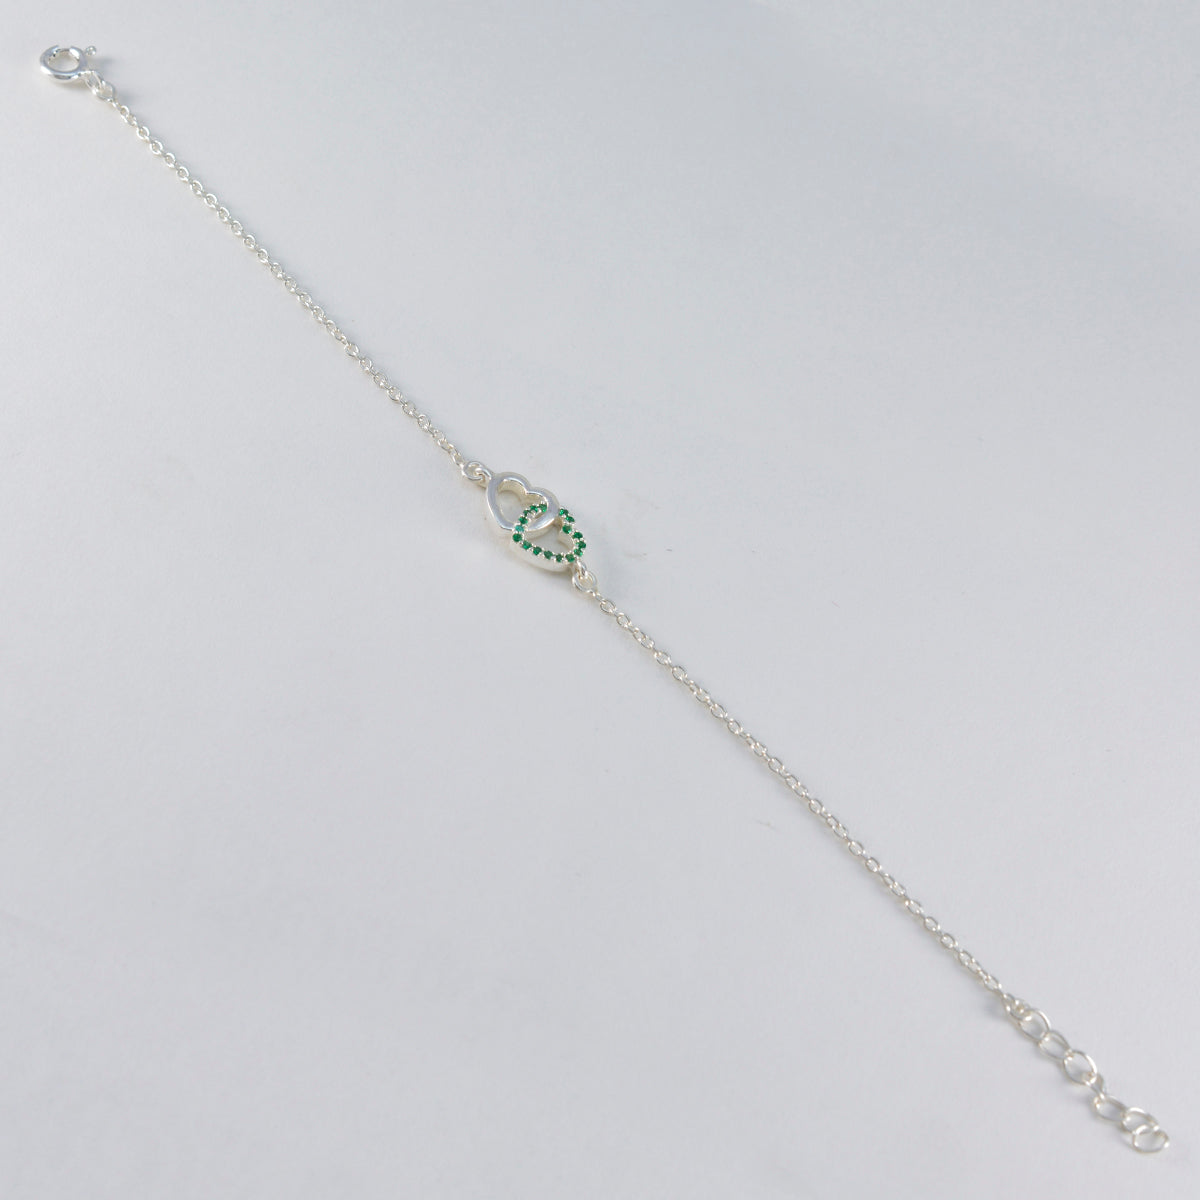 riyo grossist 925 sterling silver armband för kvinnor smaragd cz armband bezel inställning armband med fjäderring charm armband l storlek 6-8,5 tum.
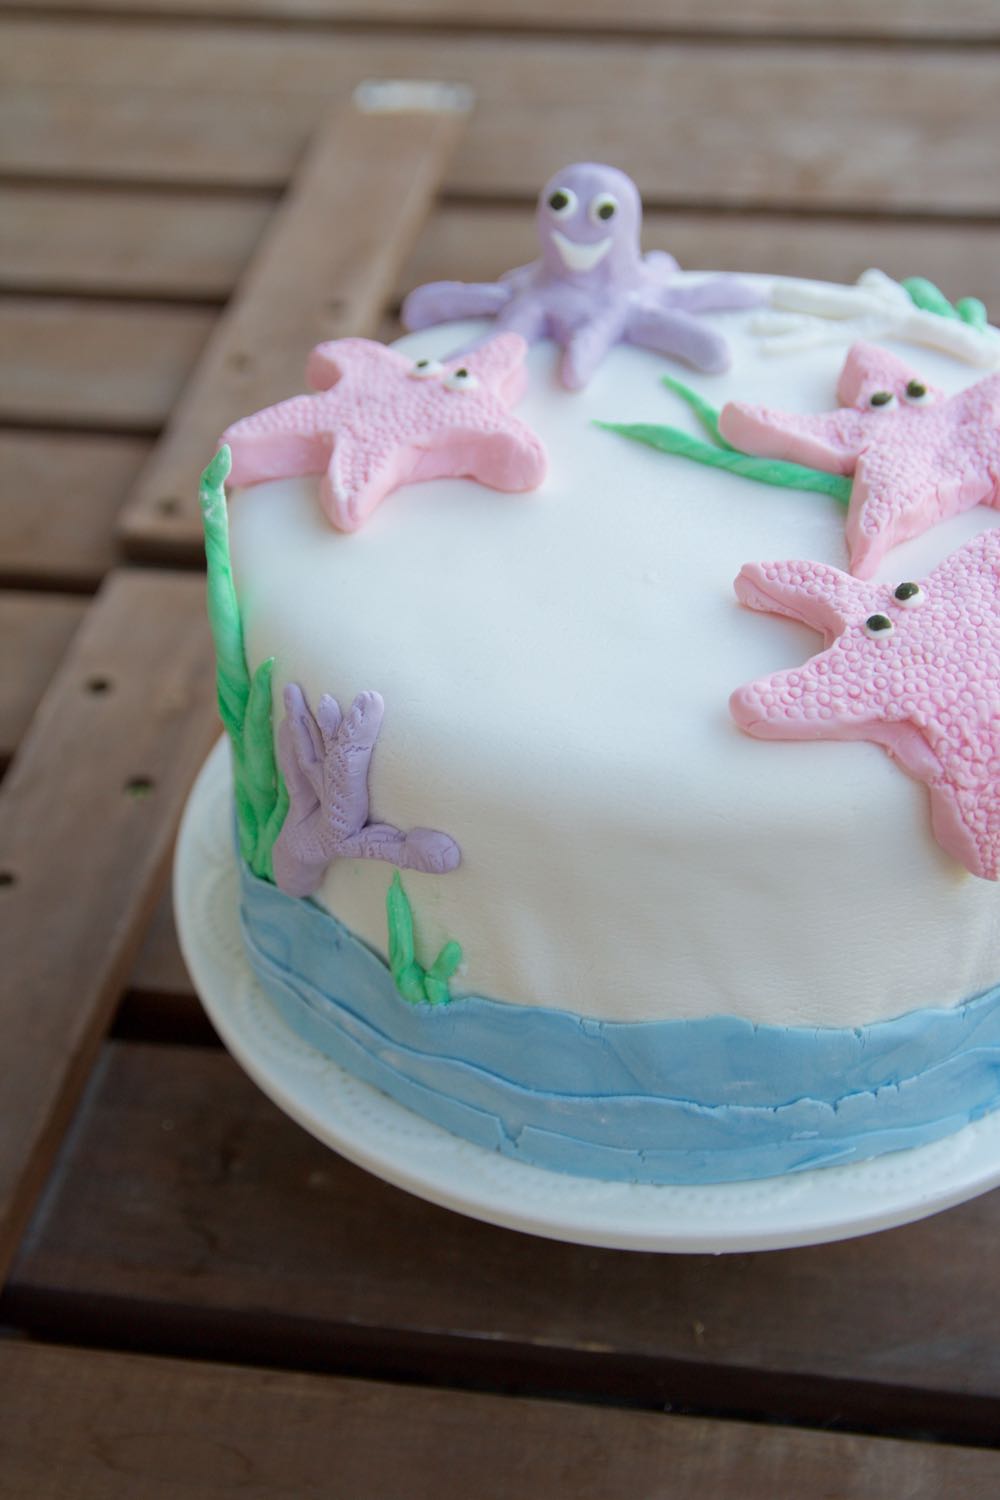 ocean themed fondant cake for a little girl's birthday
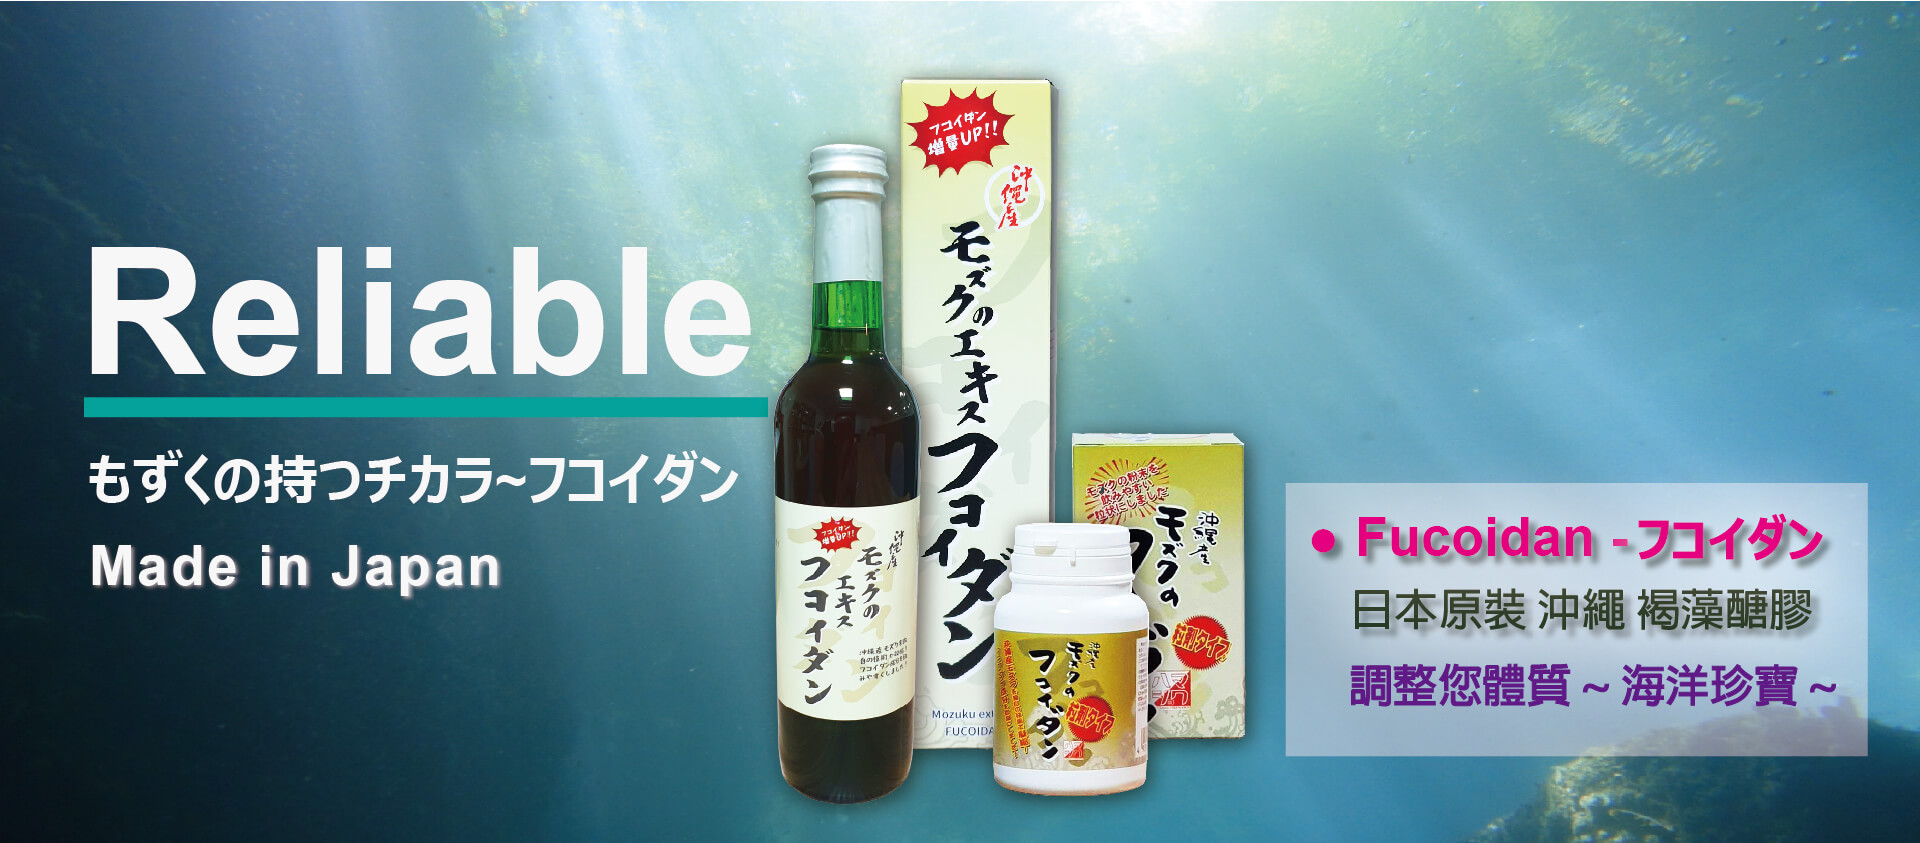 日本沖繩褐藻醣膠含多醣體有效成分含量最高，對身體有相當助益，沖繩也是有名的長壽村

* What is being asked: The whole listing above, minus its pictures, is what you should write out word for word.

* Expected answer:
 riyo grossist 925 sterling silver armband för kvinnor smaragd cz armband bezel inställning armband med fjäderring charm armband l storlek 6-8,5 tum.
 ocean themed fondant cake for a little girl's birthday
 日本沖繩褐藻醣膠含多醣體有效成分含量最高，對身體有相當助益，沖繩也是有名的長壽村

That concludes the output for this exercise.